Looks like a grey scale with a faded color layer, not to mention most HDR looks like it was printed on foil, looks cool, once...


----------



## McNugget801 (Oct 12, 2009)

Looks cool but the tones are pretty bland.




ErectedGryphon said:


> not to mention most HDR looks like it was printed on foil, looks cool, once...

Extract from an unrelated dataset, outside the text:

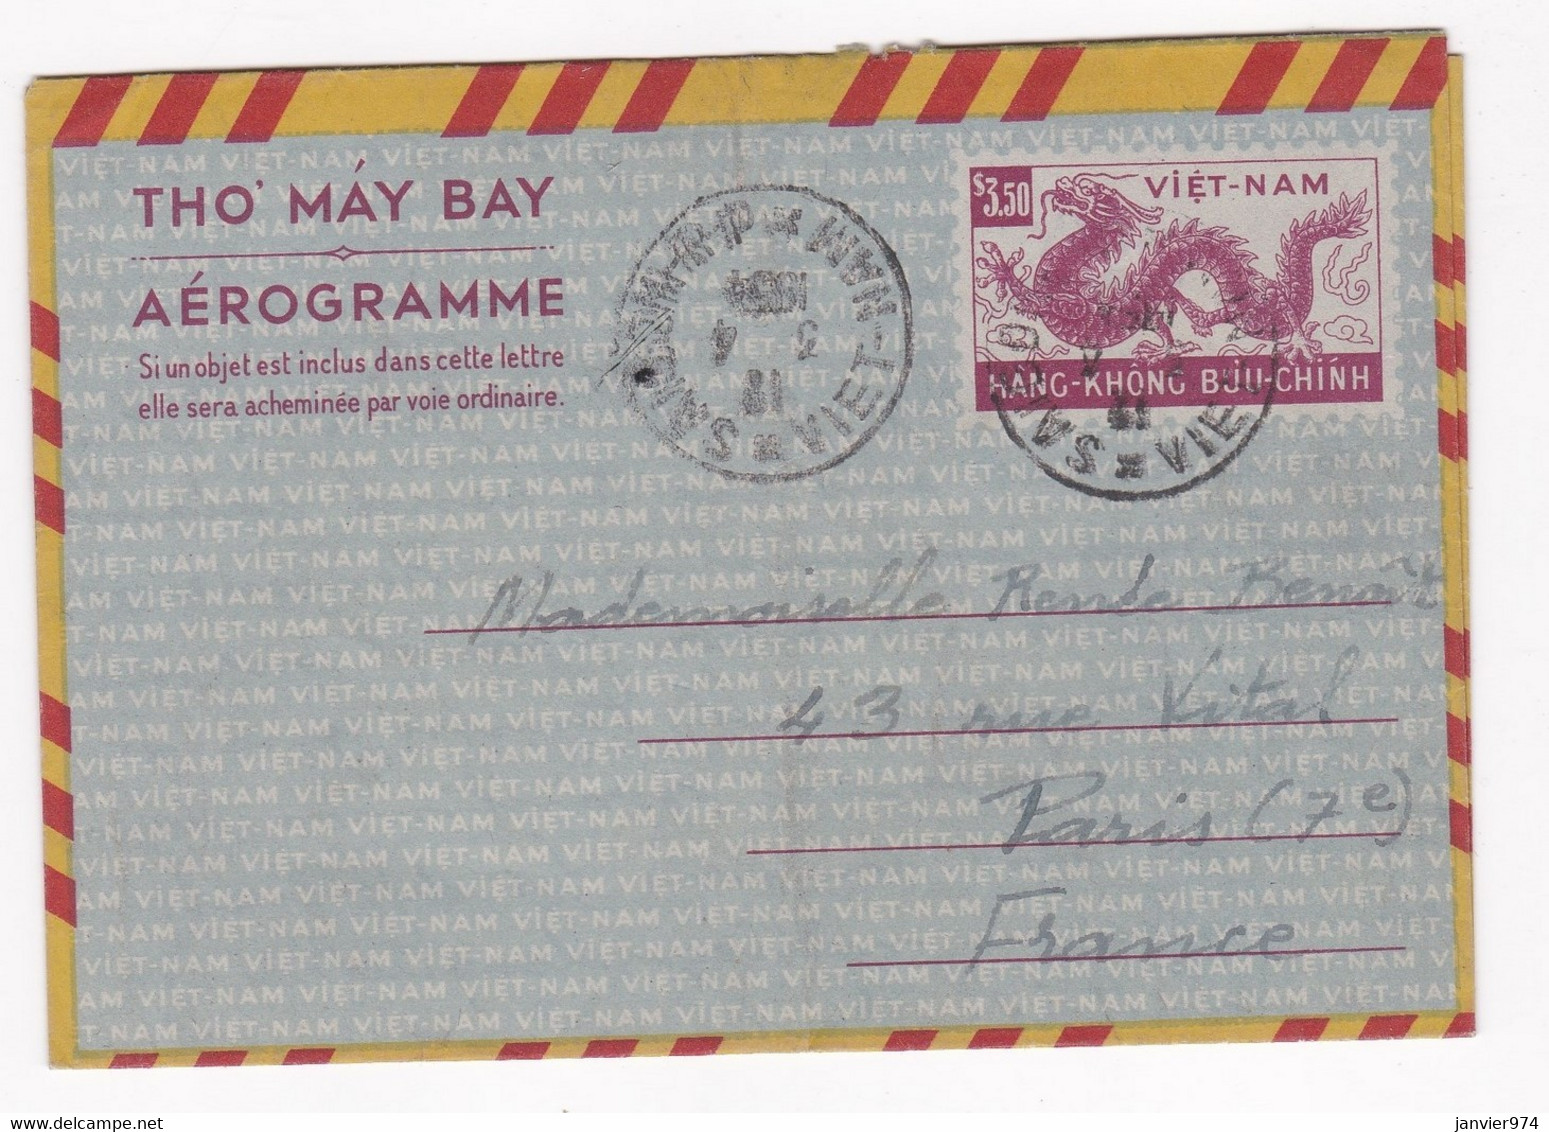 Aérogramme 1954 De Guittard Banque D’Indochine à Saigon à Mlle Benoît Paris - Vietnam

There is some bull**** - Sounds like you are unable to produce and decent HDR images.


----------



## blakjak8 (Nov 7, 2009)

I am pretty new to Digital photography and haven't done ANY HDR...but I like your picture. Why? I like the solitude and feeling of nature's impending power. If that makes sense. Technical aspects of the picture...I have no idea of what may be correct or incorrect due to my lack of knowledge about HDR. But I do know what I like and I like this. Keep working at it!


----------



## Bynx (Nov 14, 2009)

From a composition point of view I would prefer you looking forward so we could see a profile of your head. You are looking off camera which makes me wonder what is so interesting compared to what we can see as viewers.


----------



## leighthal (Nov 16, 2009)

The corrugated pipe is distracting in such a natural setting. Those washed up boards would have made a much more cohesive perch. 
The horizon could be straightened.
I do like the effect of HDR on the sand. Not overdone, just pops enough.


----------



## edouble (Dec 5, 2009)

It could be cropped down a little


----------



## clbd39 (Dec 14, 2009)

a little gray, but I like the tone (mood) it sets!


----------



## carjunkman (Dec 19, 2009)

It should be a fine HDR photo..but I don't know what's wrong with this photo...there's should be improved somewhere..


----------